## The problem
Leaving out the pictures, please reproduce exactly and only the lines from the one that contains "Köhler's Medizinal-Pflanzen in" through the last line below.

## Supplied information
▼

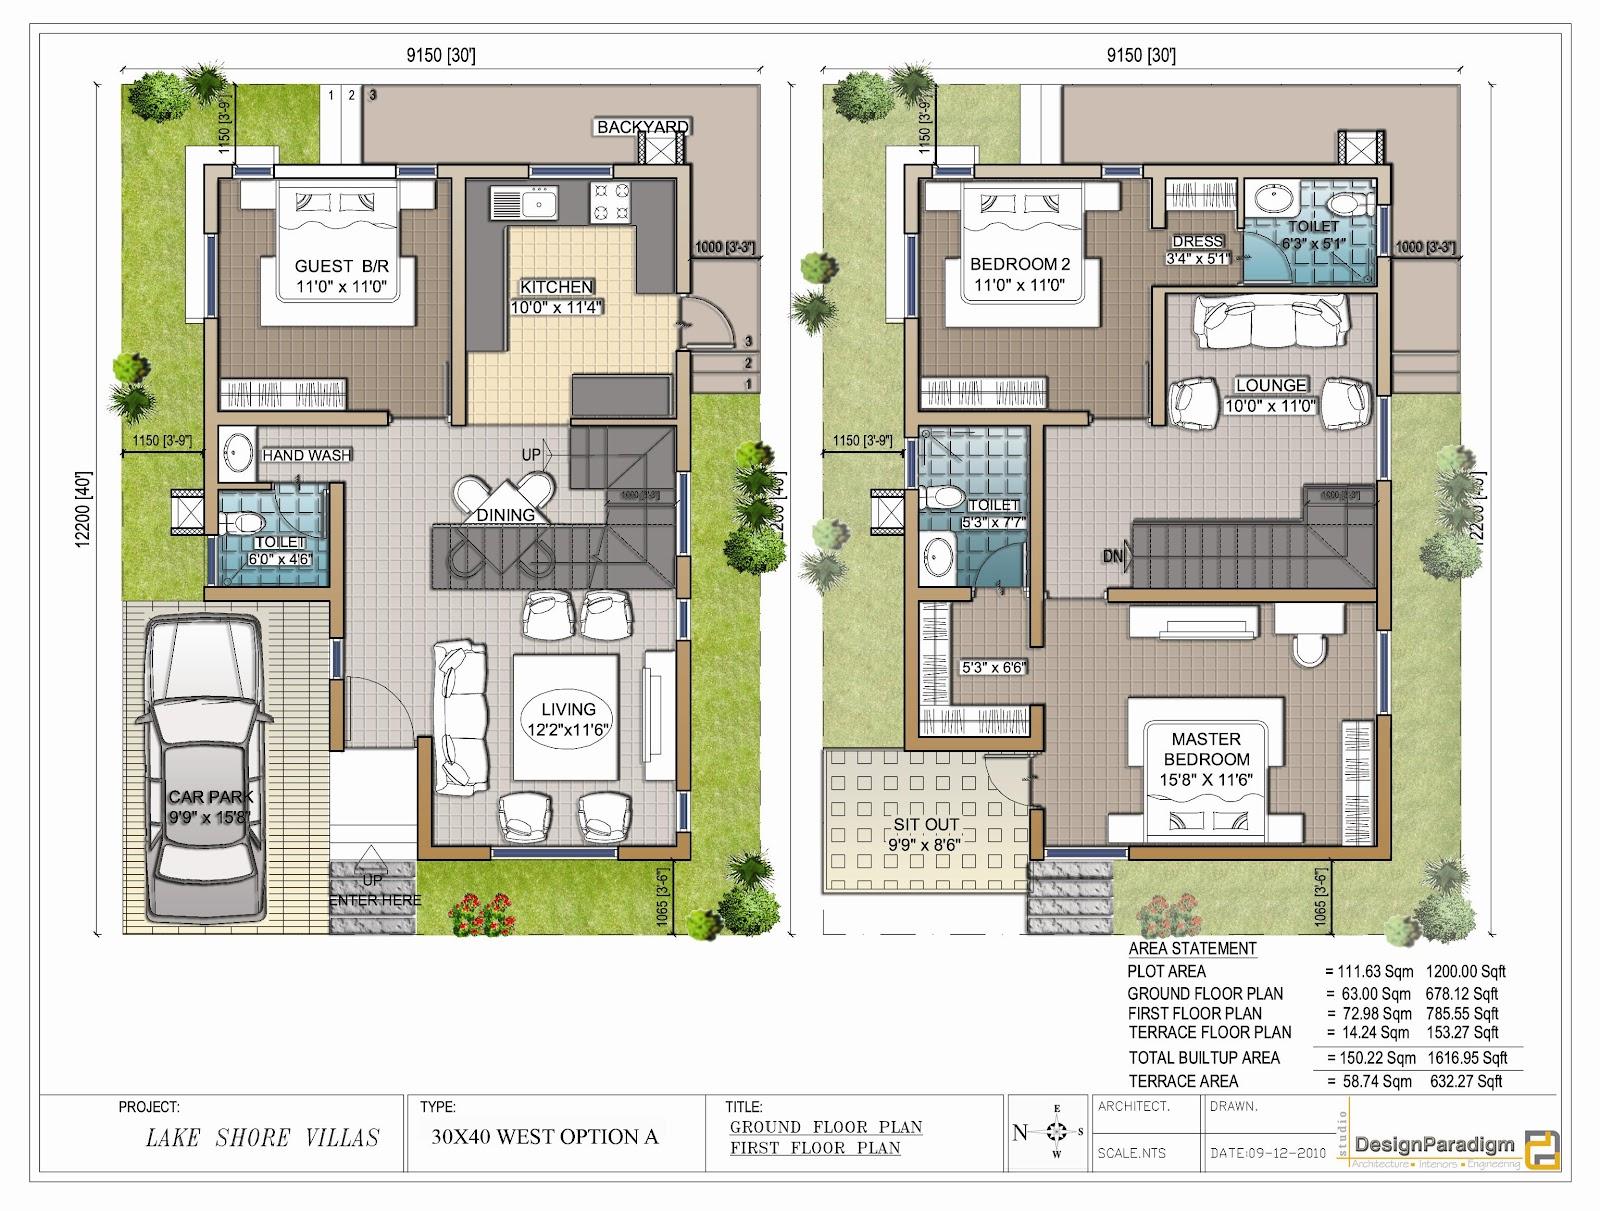 lake shore villas designer duplex villas for sale in
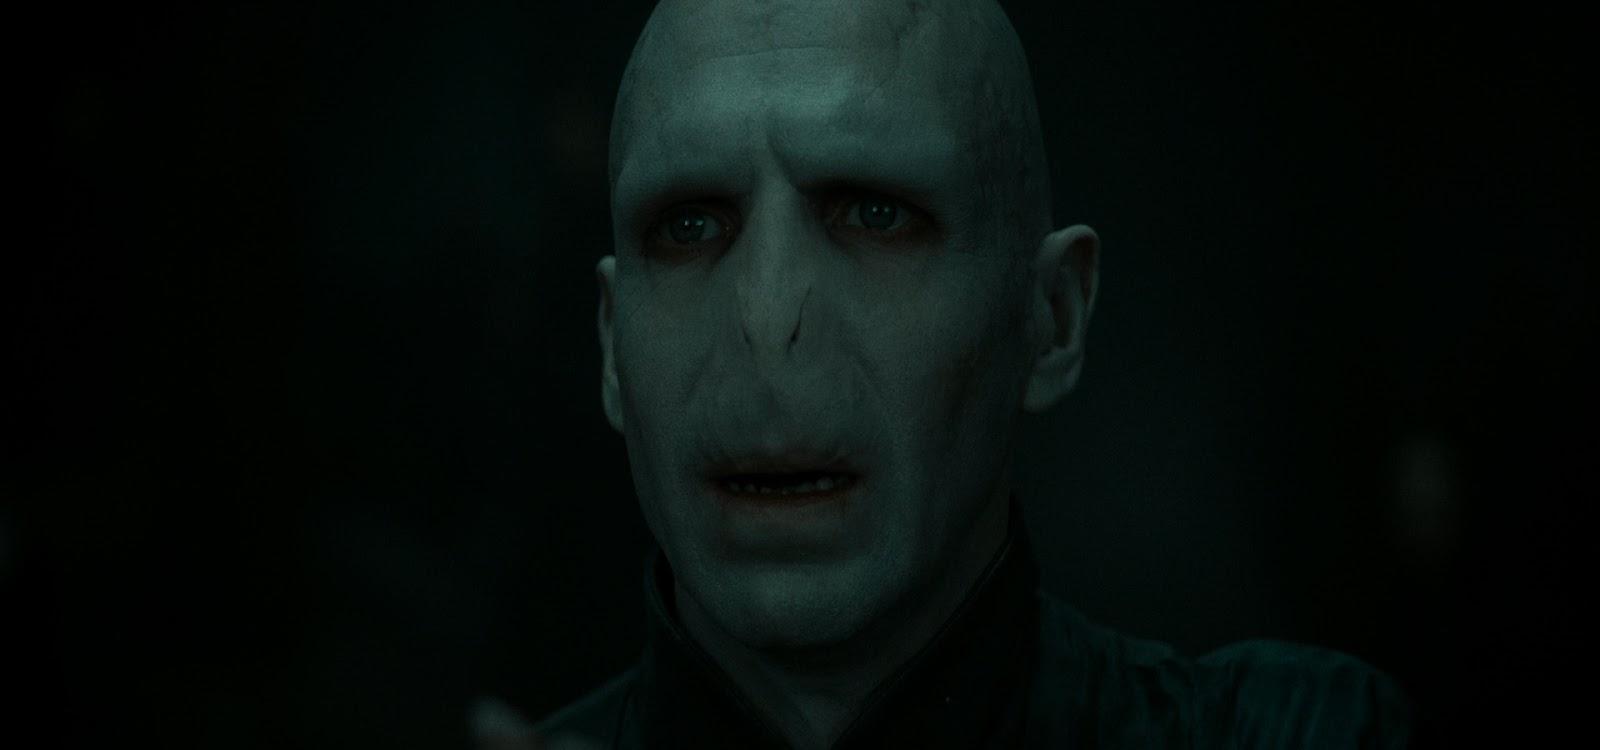 Harry Potter 7 Parte 2 HD 1080p Latino 60fps captura 1
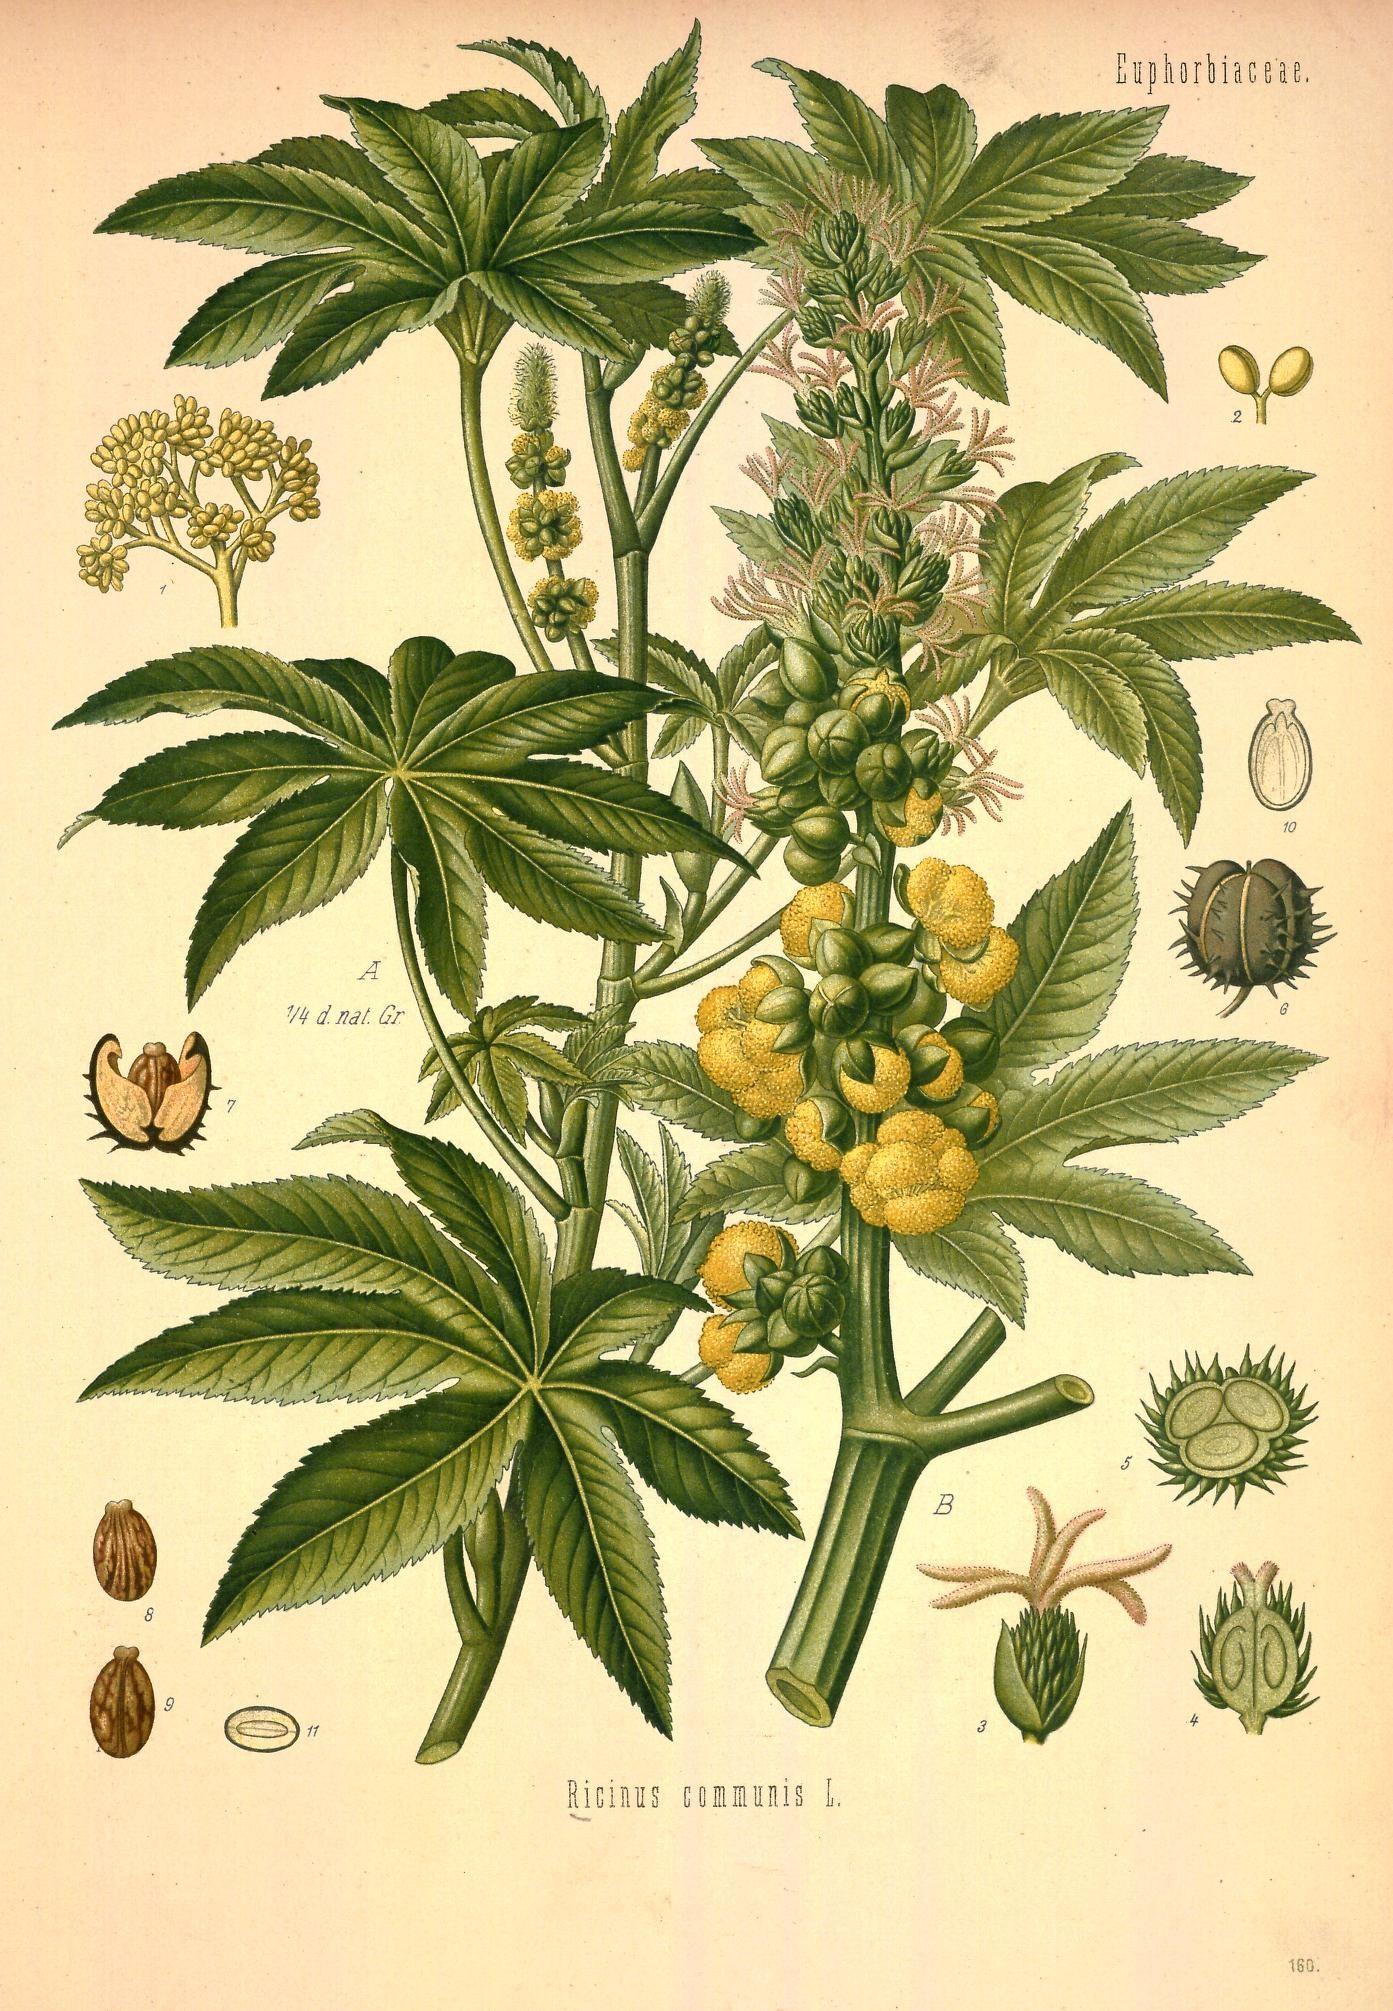 Köhler's Medizinal-Pflanzen in naturgetreuen Abbildungen mit kurz erläuterndem Texte (Plate 160) (8232808238).jpg
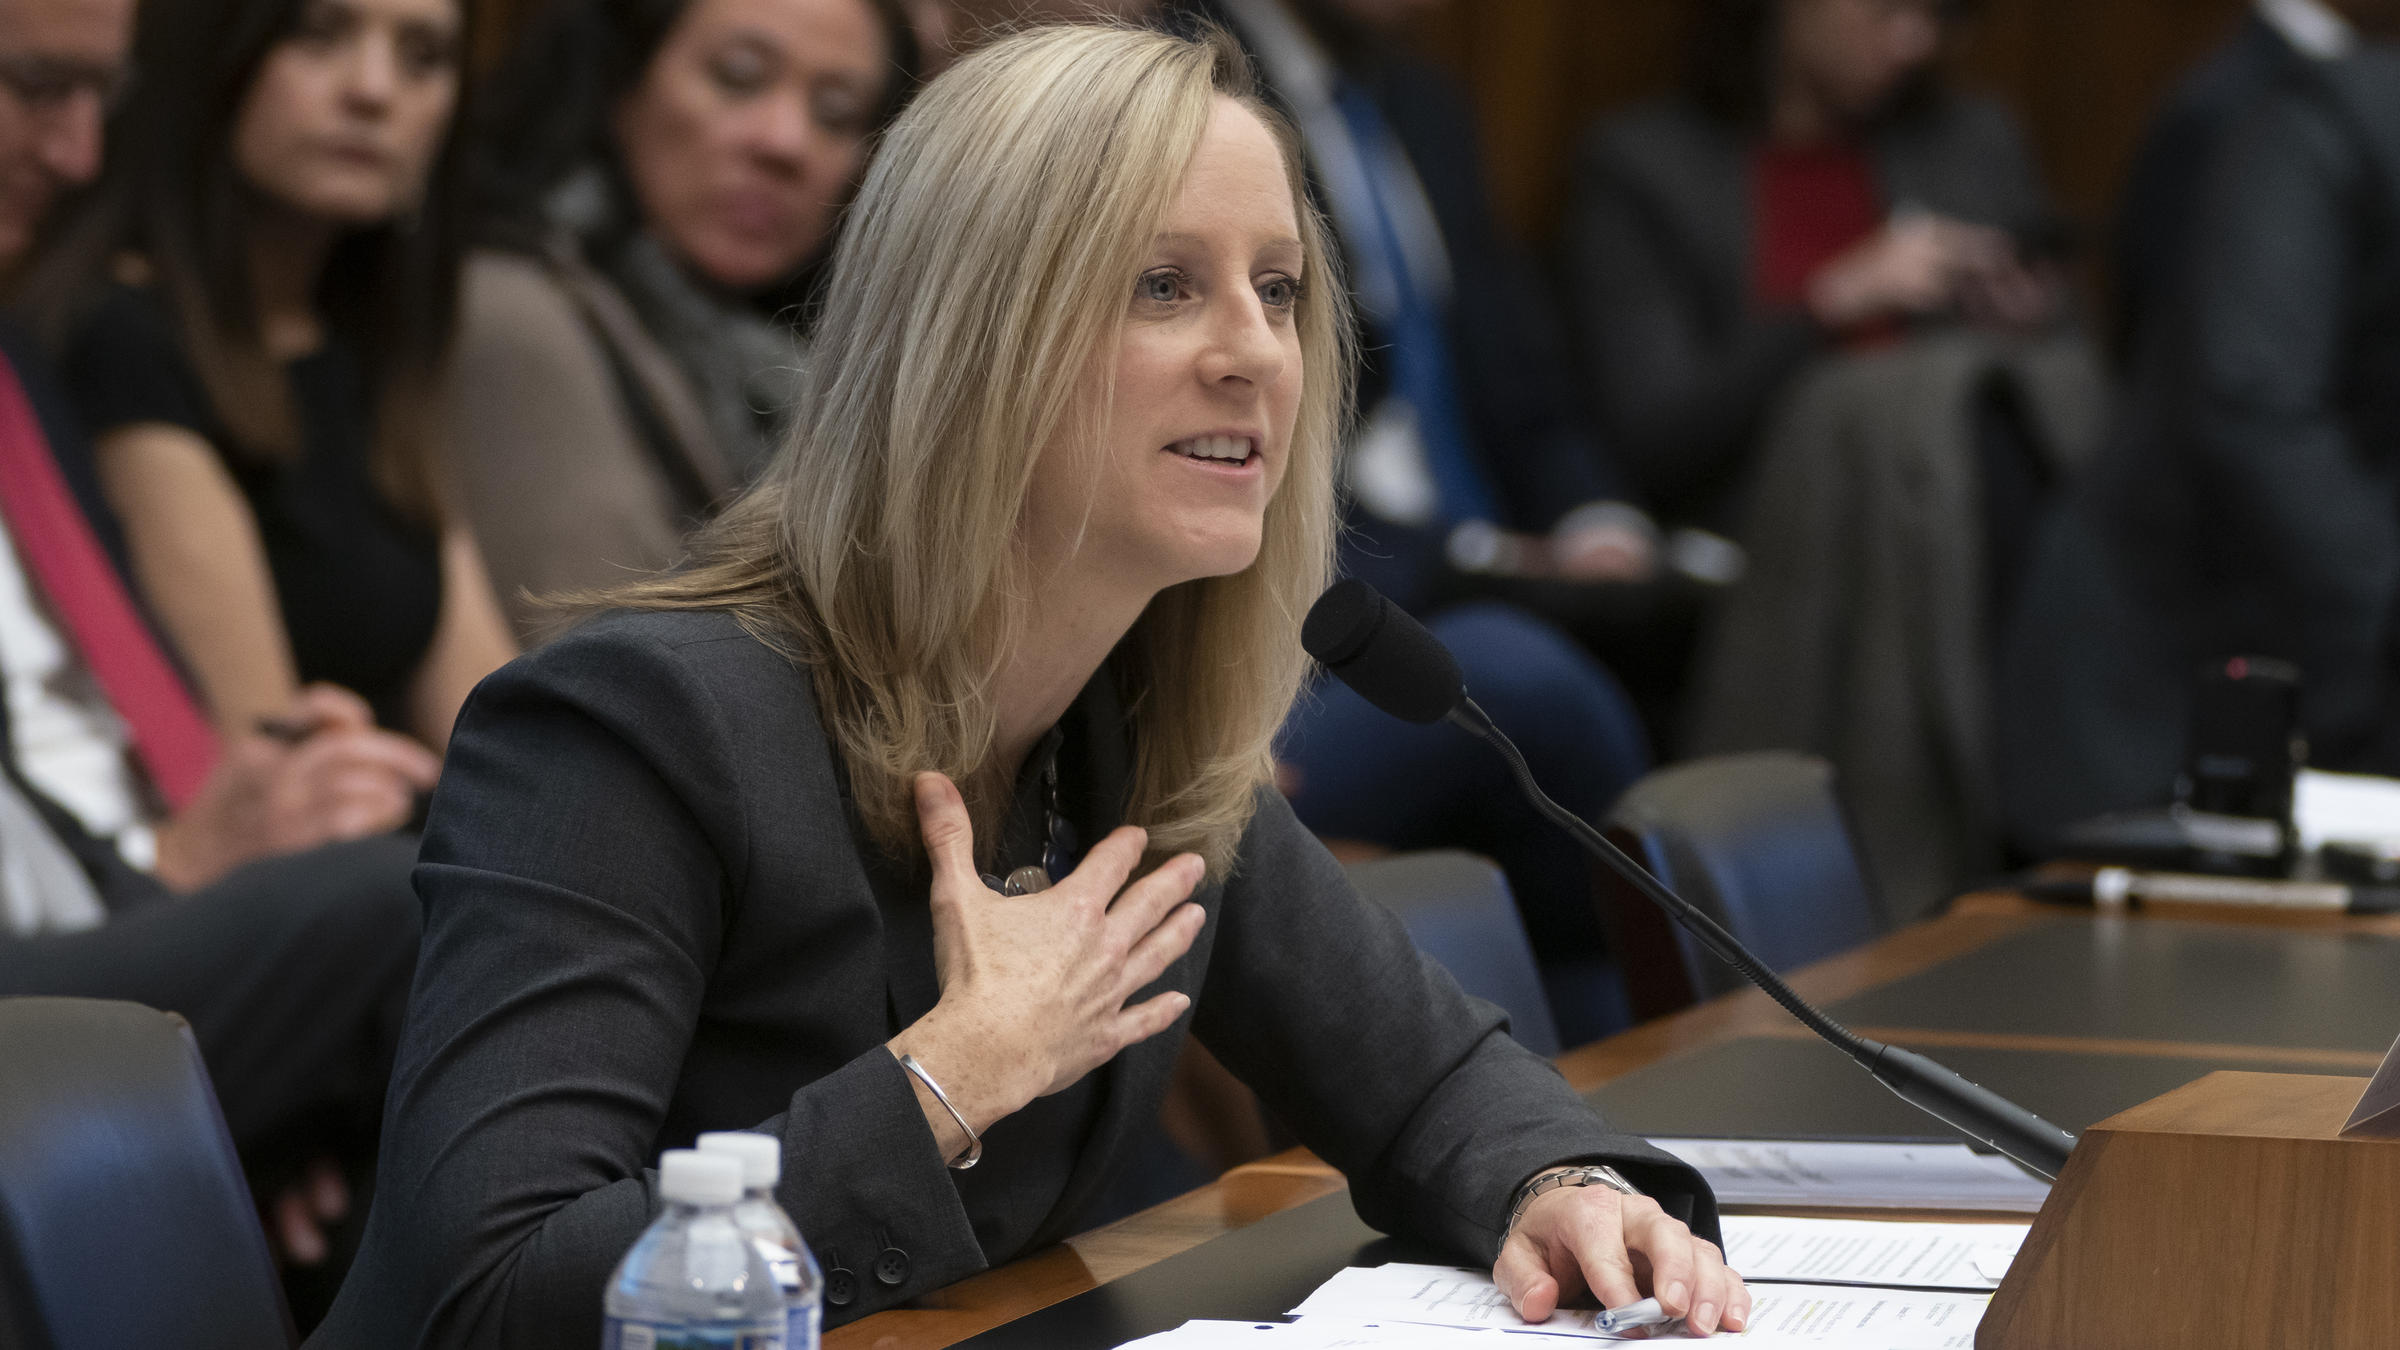 Senators Press CFPB To Dig Into Problems With Public Service Student Loan Program

▲

## Response to this task
 Köhler's Medizinal-Pflanzen in naturgetreuen Abbildungen mit kurz erläuterndem Texte (Plate 160) (8232808238).jpg
 Senators Press CFPB To Dig Into Problems With Public Service Student Loan Program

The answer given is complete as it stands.